Forget the Index, Focus on Stocks: Sandeep Tandon
For Quant Mutual Fund’s Sandeep Tandon, behavioural indicators rather than conventional macro signals provided the clearest evidence that the market had reached a turning point earlier this year.
“We discussed how, after two years, we had turned bullish on small-cap and micro-cap stocks. Looking at it purely from a behavioural standpoint, we reached a stage where people had virtually given up on India; we had never seen such negative sentiment towards the country. At any conference abroad, no one wanted to discuss India. These are classic behavioural signs of a market bottoming out—when people give up at the lows and abandon bullish thinking. Even the best strategists, who had remained bullish for a long time, gave up on India over the last three months; top global firms turned negative. That was the data point we tracked, and we spotted the opportunity. We observed a capitulatory move in mid-caps, small-caps, and particularly micro-caps—a classic signal that played out between January and March—and we were able to capitalize on that opportunity,” he noted.
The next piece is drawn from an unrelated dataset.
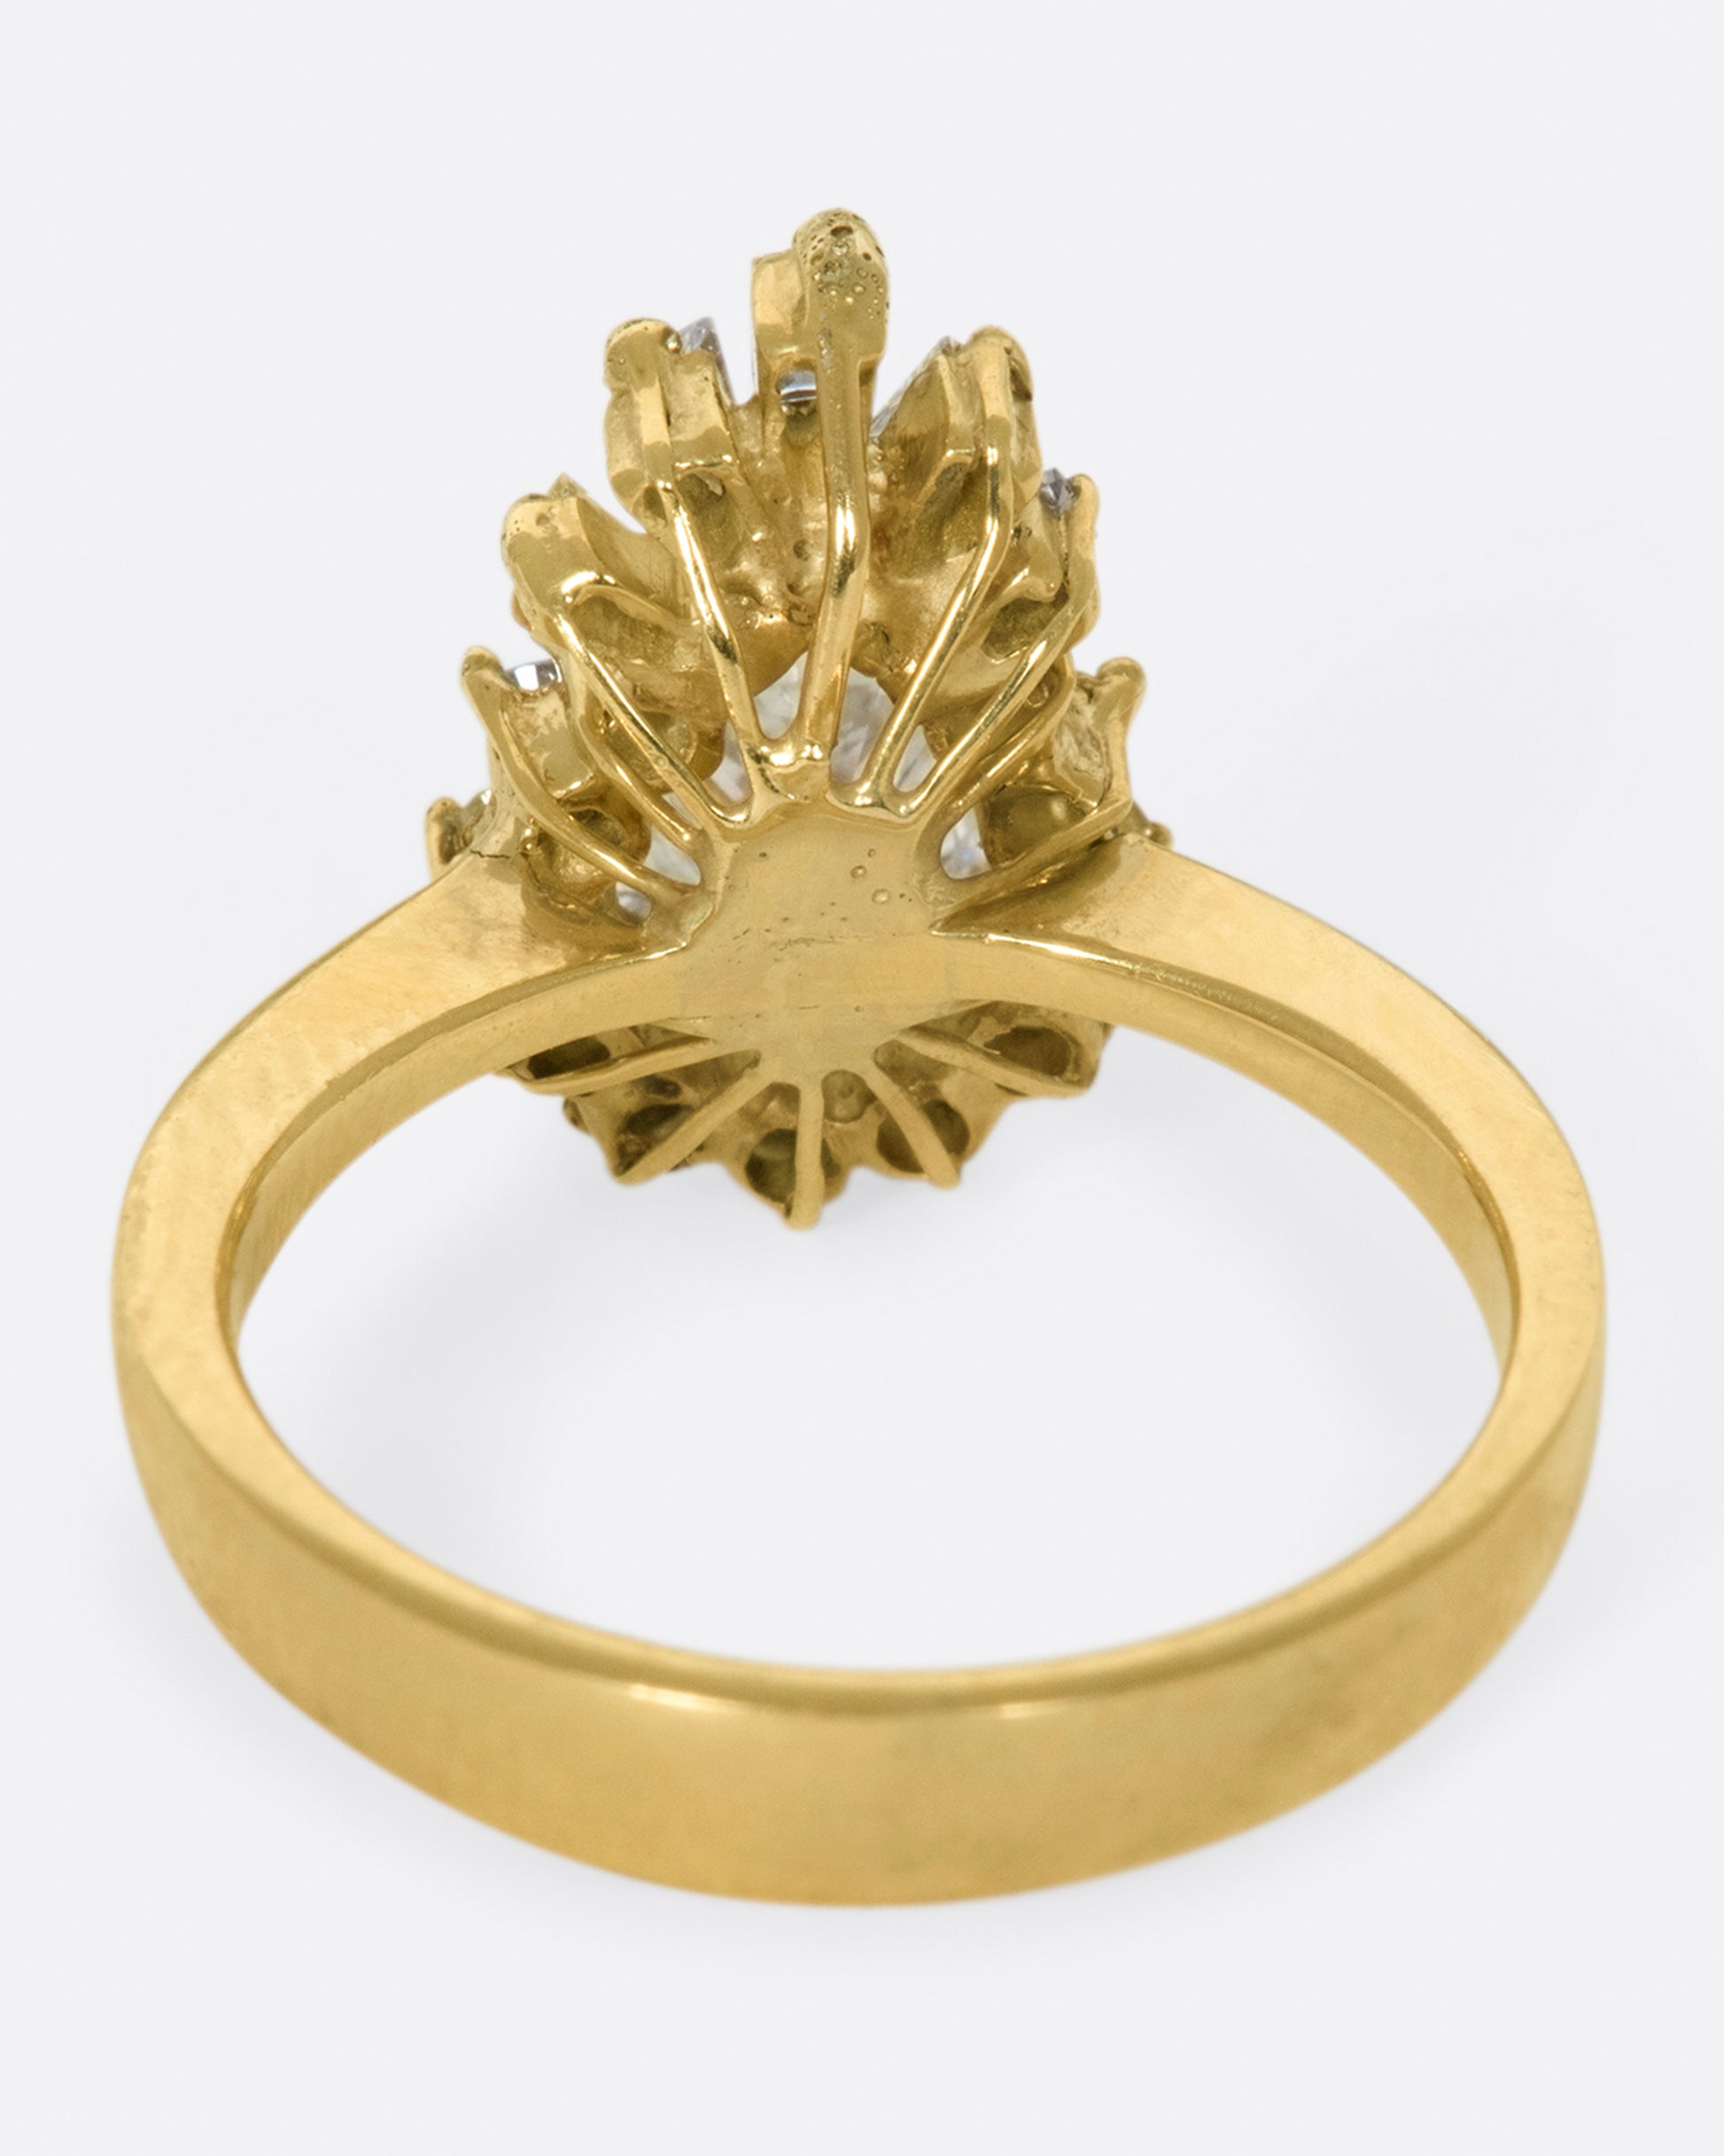 A tapered ring with a pale yellow, pear shaped diamond at its center with a round and baguette diamond halo.

Looking ahead, Tandon believes investors should move beyond tracking benchmark indices and focus instead on company-specific opportunities.
“You have to look past broader indices and focus on individual stocks. I would say that even sectoral themes are becoming less relevant; it is becoming a highly stock-specific landscape. Areas characterized by gross under-ownership, undervaluation, and negative sentiment—those are the spaces that will generate alpha this year,” he argued.
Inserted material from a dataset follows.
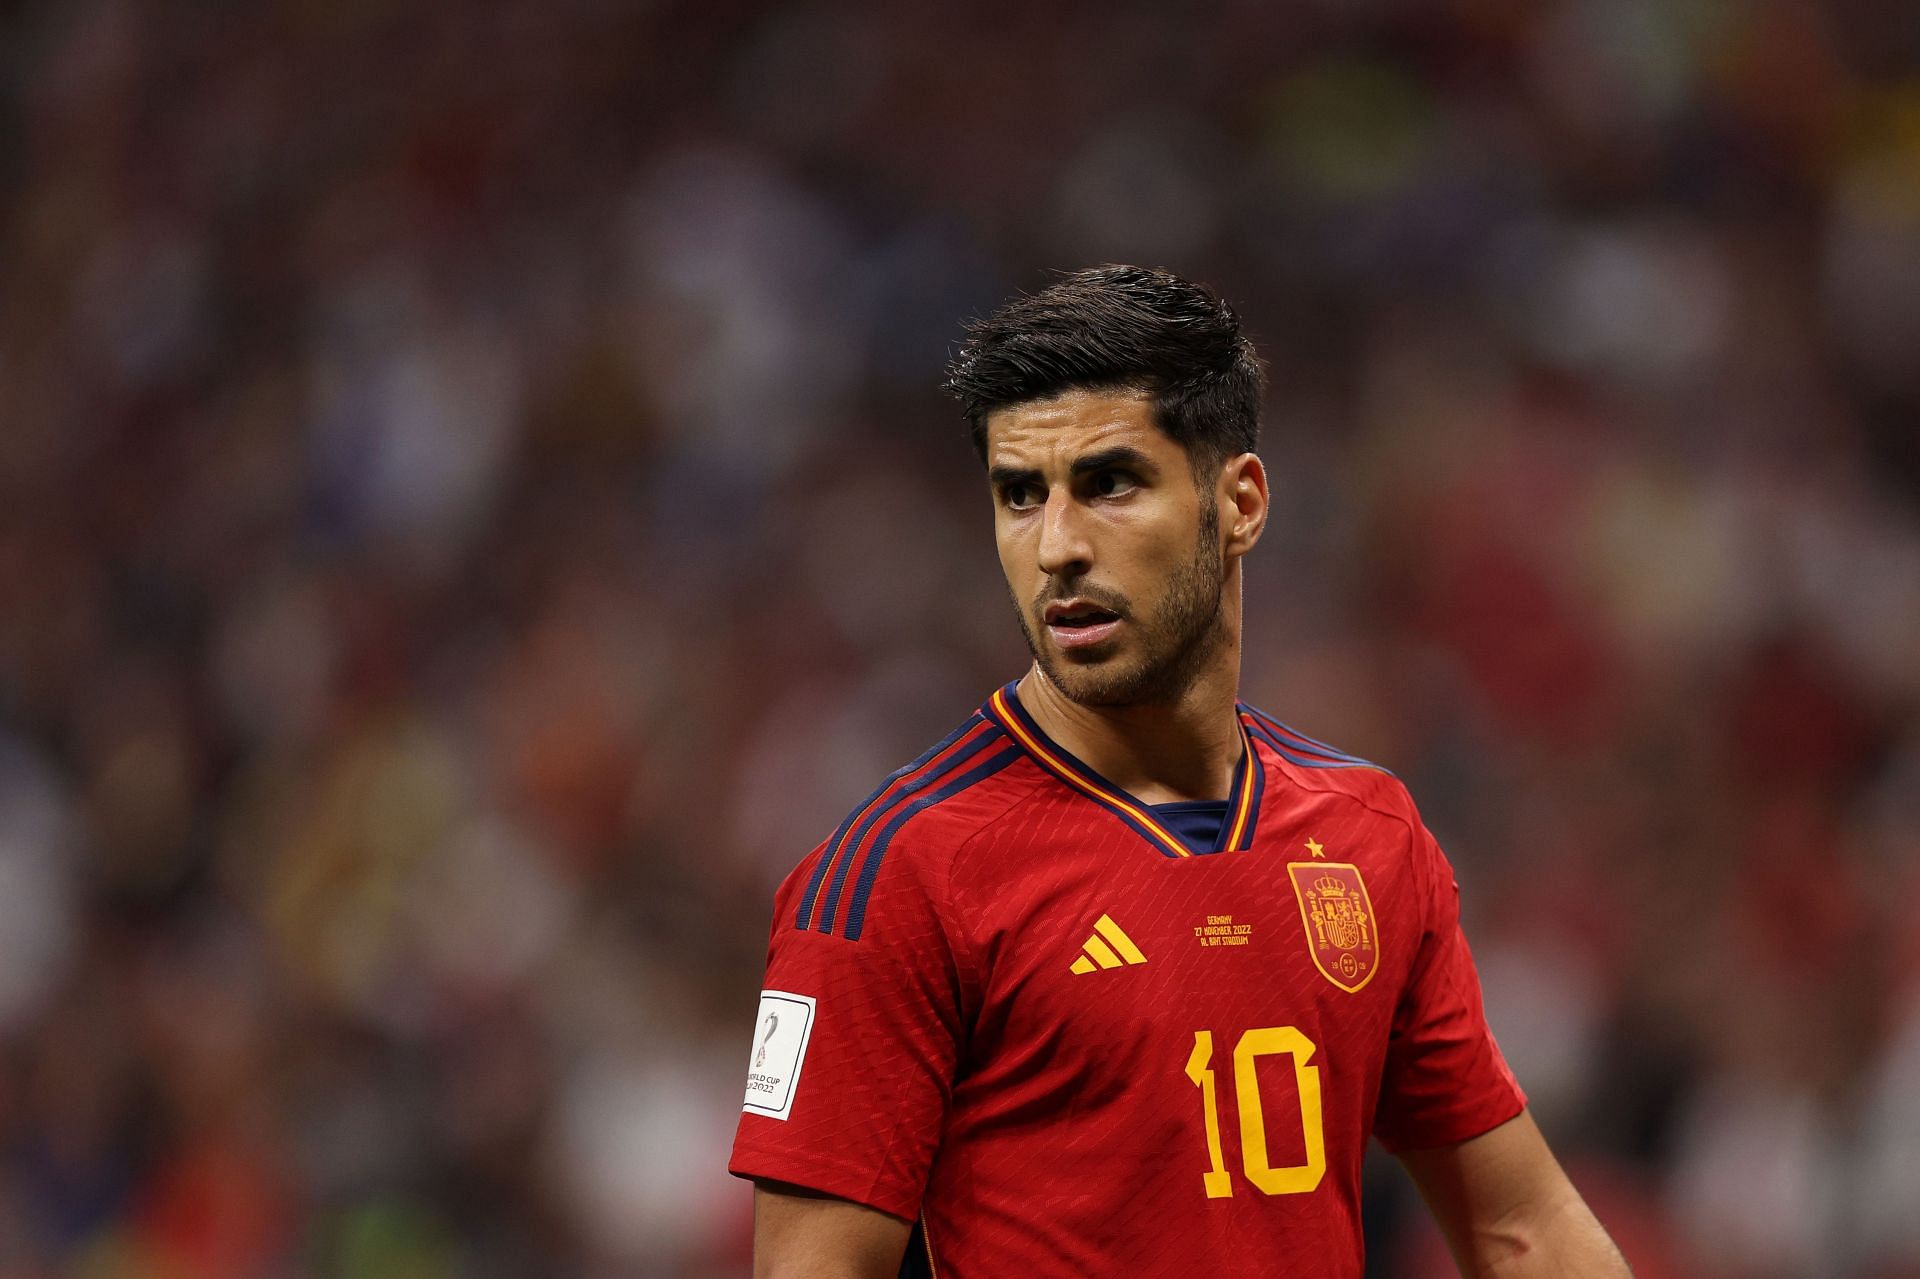 Marco Asensio has been in and out of the team of late.

Private banks at cheapest valuations ever, pharma and consumer also attractive: Sailesh Bhan
Echoing similar view, Sailesh Bhan said the large-scale foreign institutional investor selling witnessed over recent months has created attractive opportunities across multiple sectors.
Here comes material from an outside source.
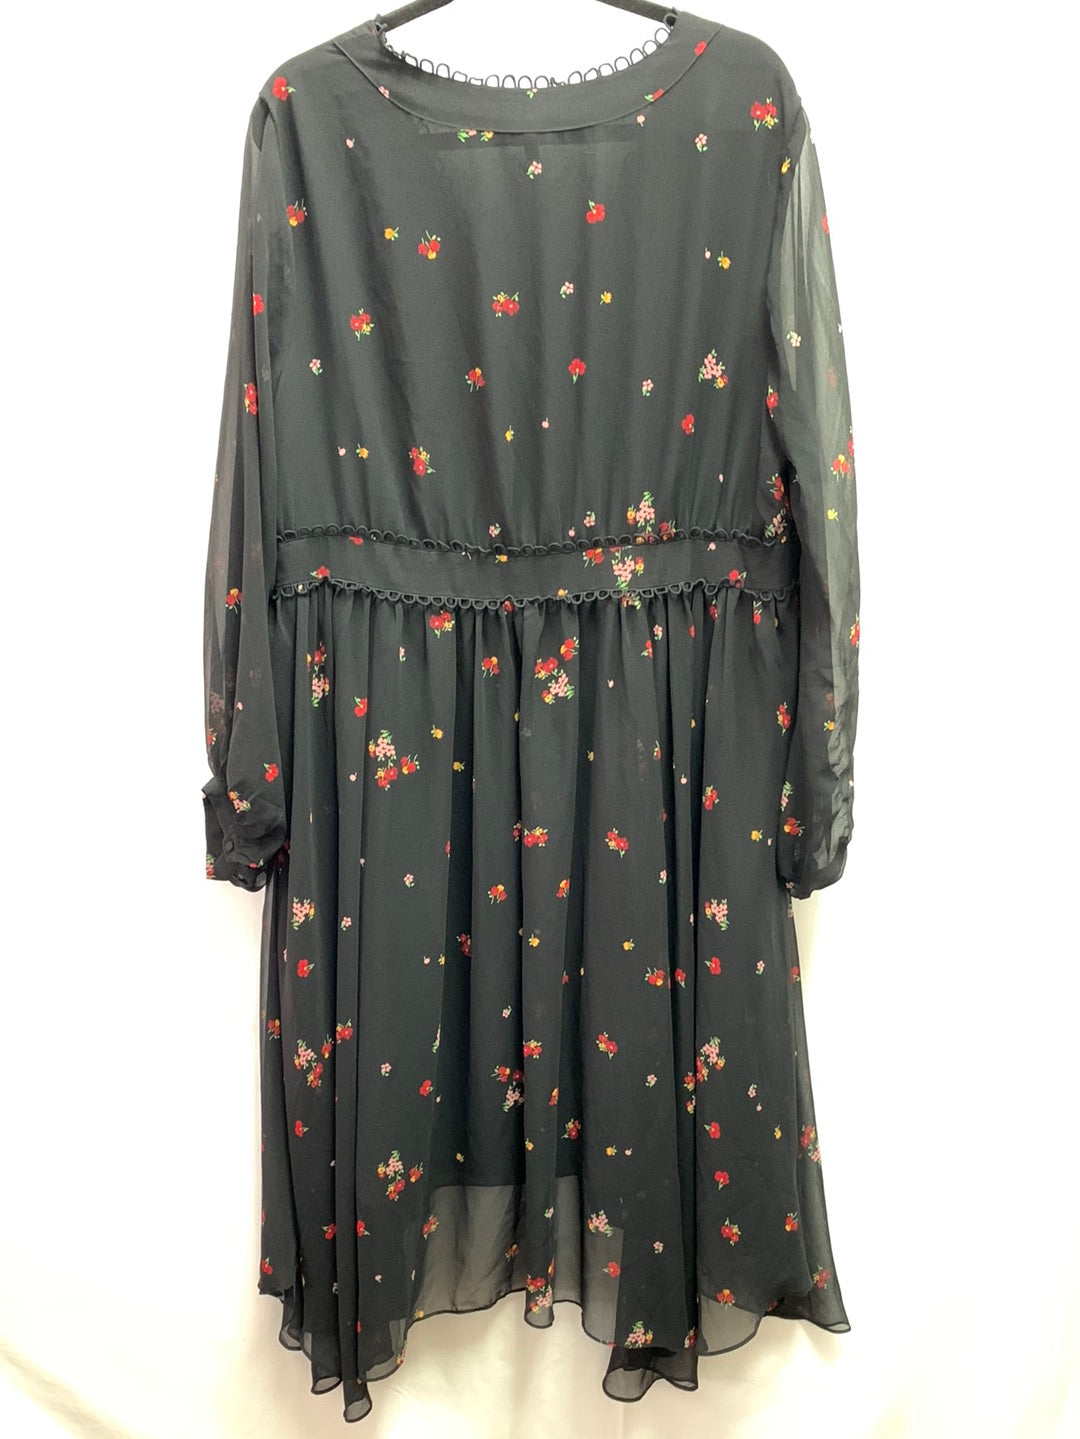 NWT - WHO WHAT WEAR black floral ditzy bouquet Sheer Midi Dress  - 1X

“Thanks to the significant FII sell-off, opportunities are emerging across many market segments. These are times marked by bad news, yet prices are actually very attractive everywhere,” Bhan said.
He identified private sector banks as one of the most compelling opportunities in the market, noting that many are trading at historically low valuations despite maintaining strong asset quality and healthy balance sheets.
Bhan also highlighted pharmaceuticals as a sector where valuations remain reasonable and investor expectations are subdued. The consumer sector, while still relatively expensive on traditional valuation metrics, could also surprise positively because market expectations for growth have fallen sharply, he said.
“Private sector banks, for instance, are trading at their cheapest valuations ever—despite boasting rock-solid credit quality—so there is significant opportunity there. Pharmaceuticals is another space with sensible valuations and very low expectations. Then there is the consumer sector; while valuations might be high, expectations are so low that no one believes growth beyond single digits is possible,” he said.
“I believe the best opportunities lie where expectations are very low, as there is potential for massive surprises over the next two or three years. Those are the areas where we want to deploy capital, and private sector banks are a key focus. Consumer goods is also important sector. And even IT services — it is possible that things might shift; the slowdown might not be as severe as people are predicting. At an earnings yield of 6–7%, some of these could become interesting. Of course, this involves a timeframe of two to three years; it takes time,” Bhan concluded.